ここでは、簡単な不動産売却の手順についてご紹介します。

○基本

不動産を売却する上で重要なことは、価格と売却期間です。相場より高く売却したい場合には、物件価値にもよりますが、1・2年かけて売却することになります。(土地の場合はそれ以上です。)
逆に短期間での売却を考える場合には、価格を相場より安めにして売却することになります。
当社の場合、平均して3〜4ヶ月が売却期間となるケースが多いようです。

○不動産の相場とは

不動産の相場は一概には言えませんが、鹿屋市街では大体平均して8〜9万円です。ただエリアによってその相場は変わってきます。
寿3・4丁目・札元エリア・・・坪9〜13万円
旭原エリア・・・・・・・・・・・・・坪5〜7万円
寿5・6・7・8丁目エリア・・・坪6〜10万円
西原エリア・・・・・・・・・・・・・坪6万〜10万円
川西エリア・・・・・・・・・・・・・坪4万〜6万円
串良町・・・・・・・・・・・・・・・・坪3〜4.5万円
                  (H21年10月時点、当社取引事例より)

○住宅について

住宅の売却査定の場合、基本は立地条件、つまり土地による価格がメインとなります。住宅については、建築構造(木造・鉄筋コンクリートなど)によって変わってきますが、大まかにいって間取りと築年数によって決まってきます。

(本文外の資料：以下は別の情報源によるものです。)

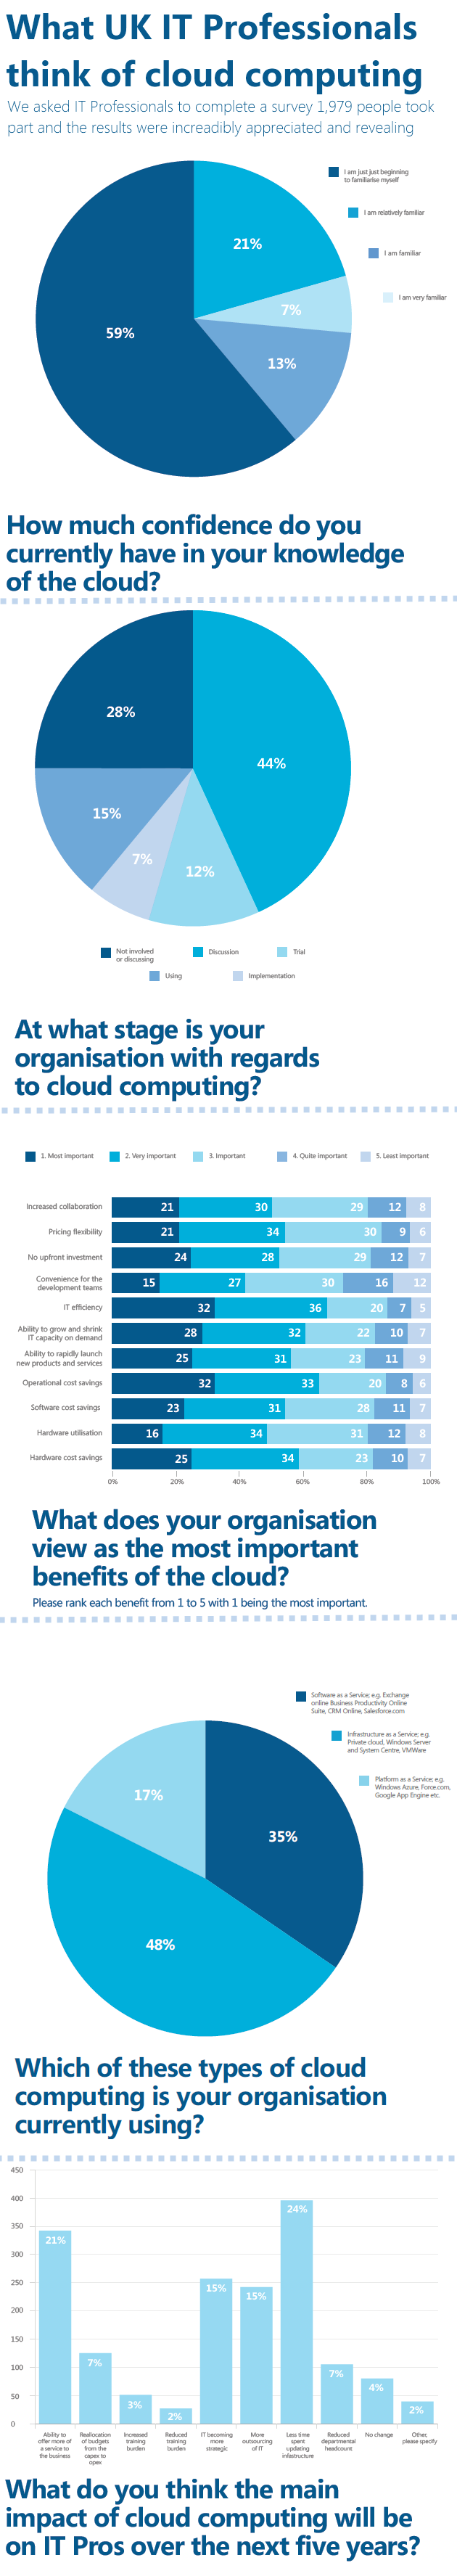 What IT Professionals think about the Cloud

間取りを4LDK(2階建て)と仮定した場合、築年数によって以下のように価格は変動します。

新築時・・・・  取得価格×0.8
築5年:・・・・  取得価格×0.5
築10年・・・・ 取得価格×0.3
築20年以降・ 取得価格×0

これはあくまで一般住宅を対象としていますので、付属設備などによって価値が変わってきますが、100万円単位の上乗せがないのが実情です。(大理石の応接間やソーラーシステム、電気温水器など)


○建物の瑕疵(破損など)について

建物が破損している状態で売却を考えている場合、その破損箇所について売却価格は大きく変わります。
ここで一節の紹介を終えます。